И он увидел ледяные глаза Реутова, ощутил размазанную, уже засохшую кровь на своем подбородке от прокушенной губы - и понял, что все кончилось. Кончился этот ужас - и кончился летчик Савченко. Он, трус и дурак, лишь по чистой случайности не помешал ничему, не угробил в панике живых людей и спасительный самолет и не угробился сам...
И мир рухнул в его глазах...
- ...Смотришь? - прикрикнул Кучеров. - Не жмись к нему, не жмись! Ты что?
Николай, опомнившись, мягко чуть отдал вперед штурвал. Заработала связь:
- Девять девяносто шестой, Девять полсотни третий, я "Барьер". Следуйте в район дозаправки, рандеву с танкерами в точке с координатами... расчетное время встречи - двадцать один сорок пять. Дайте погоду.

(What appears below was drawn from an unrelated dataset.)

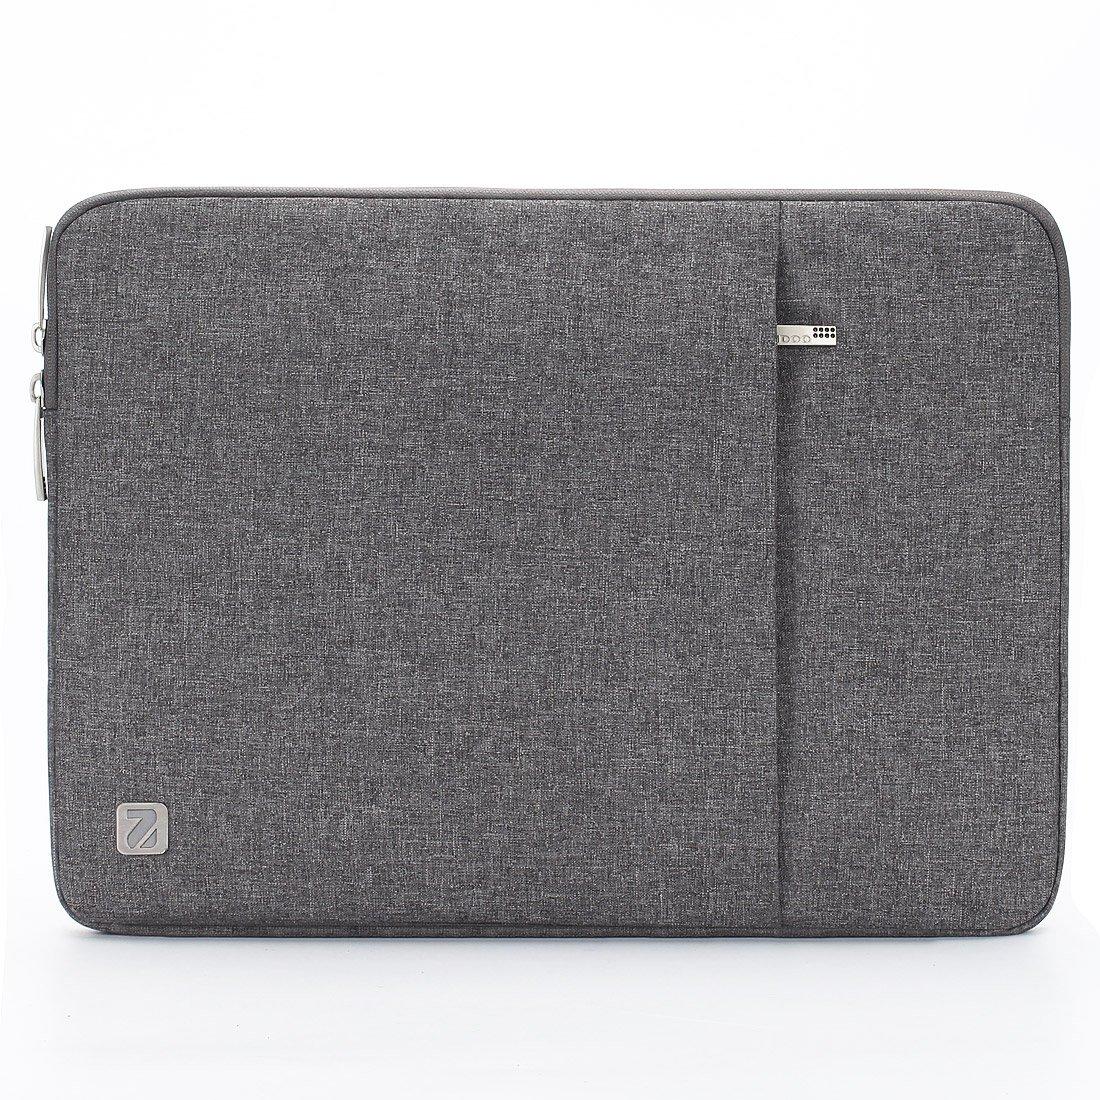 HP ProBook 645 G4 //15.6 Lenovo Thinkpad T590 Lenovo ThinkPad A485 E485 E490 T480s Bleu NIDOO 14 Pouces Imperm/éable Housse Protection Ordinateur Portable pour 14 Lenovo Chromebook S330

Николай покосился за борт вниз - там тянулась застывшими волнами сплошная, бесконечная облачность; текучий пульсирующий свет, горящее бело-оранжевое солнце плыло в волнах горизонта, просвечивая облака пушистым переливающимся сиянием; свет струился сквозь бело-голубой пух и слоился, качался розовыми, золотистыми, голубыми нитями. Справа, далеко-далеко, лежала неподвижно темно-синяя, бледнеющая кверху полоска - то была далекая ночь. А над ними и впереди повсюду сияла невозможная, звенящая торжественно-беззвучным оркестром голубизна. И в ней, высоко впереди, висел поблескивающий, изящно очерченный силуэт ведущего. Изредка из-под его крыльев, бесшумно вспыхивая белым, отлетали назад клубочки будто дыма, пушистые комочки - то были зачатки инверсии; но состояние атмосферы мешало образованию плотного ее следа, и потому реактивный самолет давал лишь такие вот кратчайшие сполохи-облачка. Николай знал, что и за ними вспыхивают и гаснут такие же облачка-комочки.
- "Барьер"! - раздался хрипловатый бас Ионычева в наушниках. - Даю погоду. Верхняя кромка облачности - до пяти тысяч, облачность - десять баллов, видимость на высо...
Кучеров, слушая монотонный голос, переводящий в баллы и метры непостижимую красоту вокруг, пытался сообразить, откуда это странное ощущение, чем оно знакомо. Новогоднее ощущение стремительной неповторимости жизни, понимание и чувство начала пути - но пути ясного, с крепким ветром и чистым небом, чувство приобретения, когда мелькает грусть оттого, что уже добился и, значит, все. Всей сущностью, всем естеством рвался, надеялся, верил, и вот оно пришло, наконец пришло. И что же? Стремиться некуда?
Завтра он встретит ее. Столько лет, столько надежд и разочарований, столько веры и безнадежности. Но завтра он наконец встретит ее. Навсегда. Но если исполняется мечта - что же дальше?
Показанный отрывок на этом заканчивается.